Henri Matisse entered the art world through the back door.  He started out roaming around the rooms of the Louvre museum studying the masters and following their exact details in his work without adding any personal style before he developed his unique take on painting.

In the end he would become a master of color and form in expressing emotion on canvas.

At age 18, in 1887, Matisse’s family sent him to Paris to study law. Two years later he had an attack of appendicitis and started painting as a way to pass the time as he recovered.

Later, while working as a law clerk he took a drawing class.

The double life of law and art was too much for Matisse.  He quit law and applied for admission to the Ecole des Beaux-Arts, an influential art school, where he was rejected upfront for being under-qualified.  So he took a class in sketching in the school’s courtyard with other wannabe students.

“Join my class if you want to,” said teacher Gustave Moreau.  “I’ll fix it up later with the administration.”    

Moreau was the first of the great modern art teachers.  He believed the teacher’s task was to set the student free to be himself.  Matisse knew this was a turning point in his life.  At the same time his father also warned him he would starve to death trying to make it in the art world.

“It was if I had been called,” Matisse wrote 60 years later.  “Henceforth I did not lead my life.  It lead me.”

He first began to paint in an awkward but workmanlike style.

“I just had to put my head down and go at it like a bull at a gate,” he said.  Nothing about Matisse was easygoing.  

In an era when artists were striving to portray nature objectively Moreau was telling Matisse that was a waste of time.  Much better to imagine light and imagine color with such intensity that the observer would forget nature and see only the artist’s vision of the world.

Within six years, Moreau’s classroom produced two major painters, Rouault and Matisse.  The square-built, strong-jawed Matisse would ultimately shift the course of Western art.  

Matisse wasn’t a social activist.  He didn’t care about changing society with his art.  His art was traditional in subject matter.  He painted still lifes, family life, tables dripping with food and drink, landscapes, studio interiors, and beautiful women.  

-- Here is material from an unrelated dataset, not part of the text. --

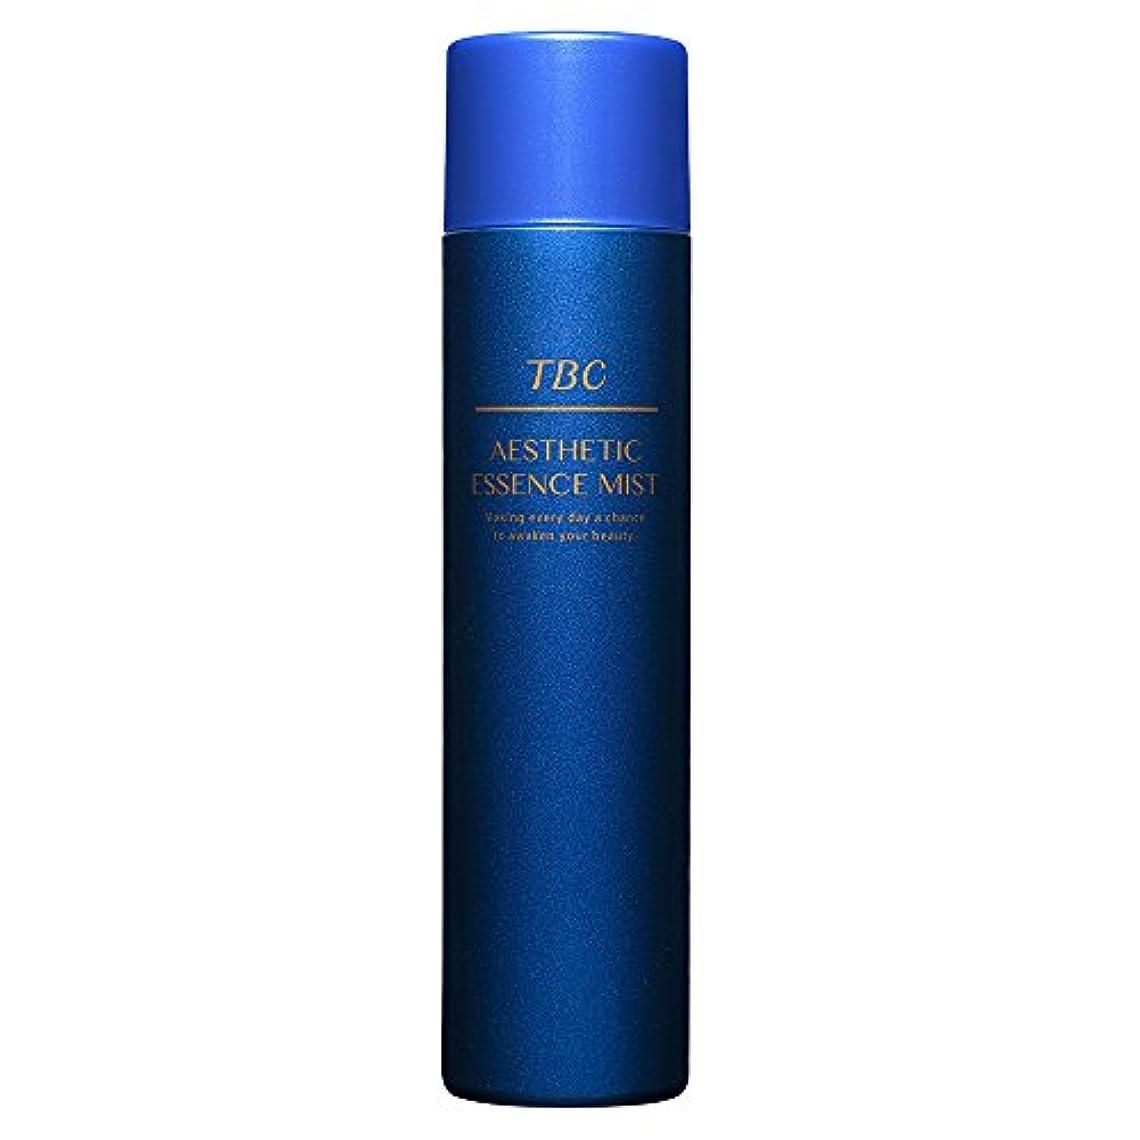 ソフトウェアキャリア盲目TBC エステティックエッセンスミスト 化粧水/炭酸ミスト/美容液/スプレータイプ/エステ

“You were born to simplify painting,” Moreau told him.  Matisse began to understand the effects of pure color.  He cared about expressing emotion on canvas and the play of color and light.  He focused on the essential character of things.

His work spanned six and half decades including painting, drawing, sculpture, graphic arts, paper cut outs, set design, and book illustration.  Matisse was one of the key leaders of Fauvism the 20th century’s first avant-garde art movement.

“What I dream of is an art of balance, of purity and serenity, devoid of troubling or depressing subject matter,” he said.

On Sept. 19, 2019, Swann Auction Galleries featured a selection of Matisse prints in its 19th and 20th century Prints & Drawings sale.

Here are some current values.


Portraits; bound volume with complete text, one lithograph and numerous color illustrations; one of 2,850 copies; 1955; 12 ¼ inches by 9 ½ inches;  $1,500.

Le Tobogan; color pochoir; deluxe edition of 100; 1947; published by Teriade, Paris; 16 3/8 inches by 25 3/8 inches;  $9,375.  

Odalisque au Coffret Rouge; aquatint; color; and etching; signed and numbered; 134/200; circa 1952; 16 ½ inches by 21 ¾ inches;  $18,750.   

Petit Interieur Bleu; aquatint; color; signed and numbered; 164/200; circa 1952; 20 inches by 16 inches;  $22,500.  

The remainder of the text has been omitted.